Not particularly optimistic, but does the attached patch help?
https://bugs.winehq.org/show_bug.cgi?id=50680
--- Comment #8 from Dmitry Skvortsov (Iglu47) lvb.crd@protonmail.com --- Created attachment 69500 --> https://bugs.winehq.org/attachment.cgi?id=69500 wine-6.3 with ntdll-NtAlertThreadByThreadId and attachment 69495 output (two times)
(In reply to Zebediah Figura from comment #7)
Not particularly optimistic, but does the attached patch help?
It looks like with this patch the application window now always does not appear before the error and `WINEDEBUG="+seh,+pid,+sync,+timestamp` now does not fix the problem (I can post it later if necessary).

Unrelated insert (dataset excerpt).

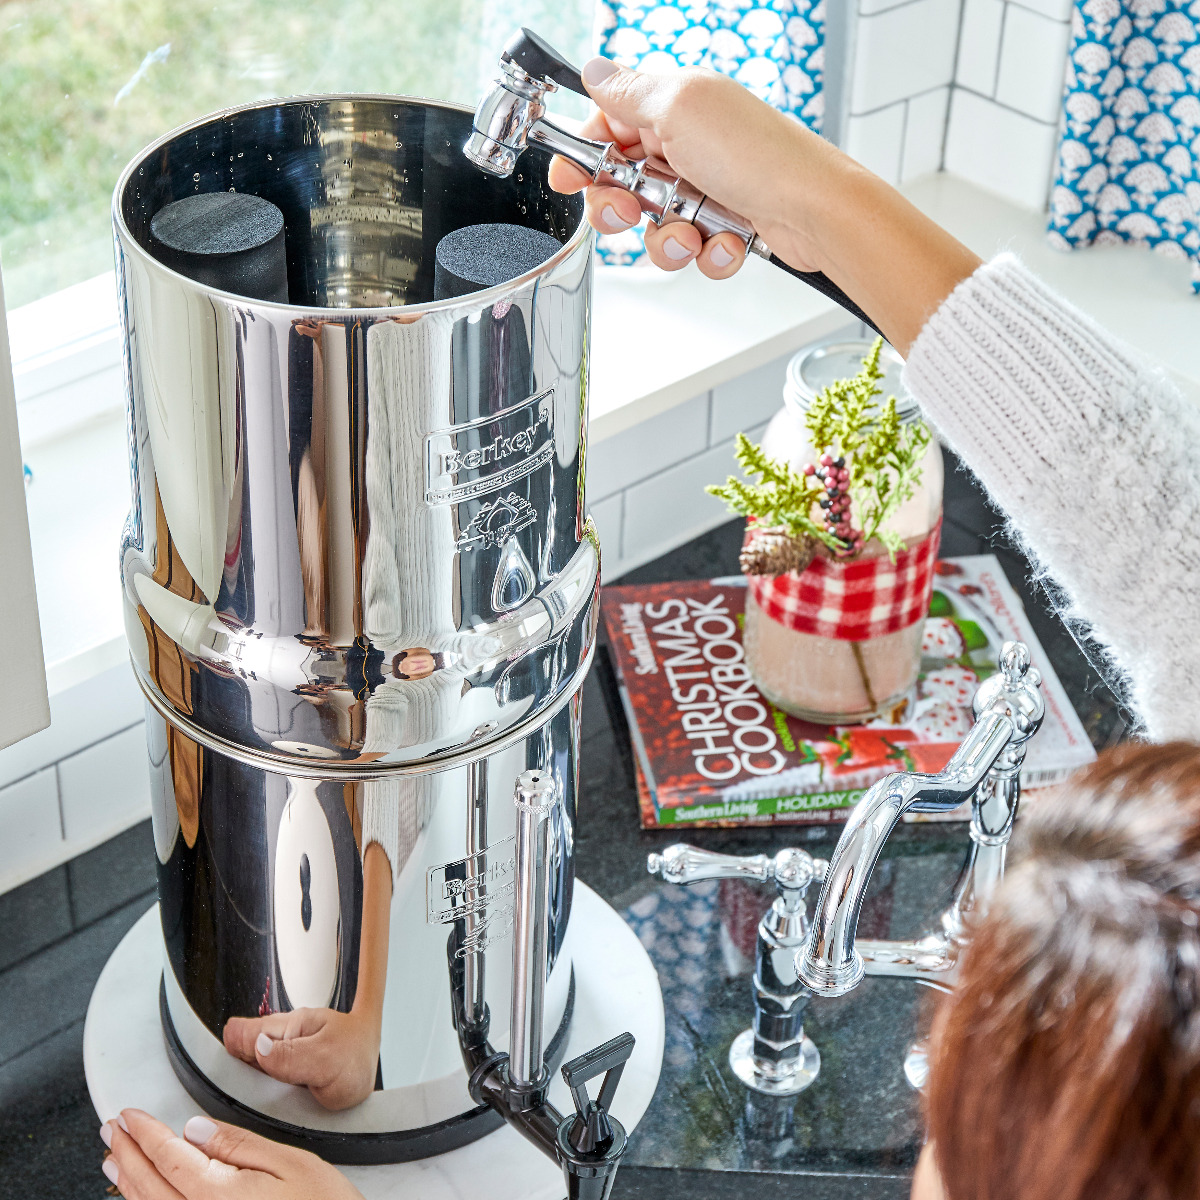 Berkey Water Filter: What It Is and Why I Bought One

https://bugs.winehq.org/show_bug.cgi?id=50680
Zebediah Figura z.figura12@gmail.com changed:
What |Removed |Added ---------------------------------------------------------------------------- Attachment #69495|0 |1 is obsolete| |
--- Comment #9 from Zebediah Figura z.figura12@gmail.com --- Created attachment 69519 --> https://bugs.winehq.org/attachment.cgi?id=69519 forcibly align condition variables... (take 2)
Sorry, there was an error in that diff. Can you please try this one instead?
https://bugs.winehq.org/show_bug.cgi?id=50680
--- Comment #10 from Dmitry Skvortsov (Iglu47) lvb.crd@protonmail.com --- Created attachment 69520 --> https://bugs.winehq.org/attachment.cgi?id=69520 wine-6.3 with ntdll-NtAlertThreadByThreadId and attachment 69519 output
(In reply to Zebediah Figura from comment #9)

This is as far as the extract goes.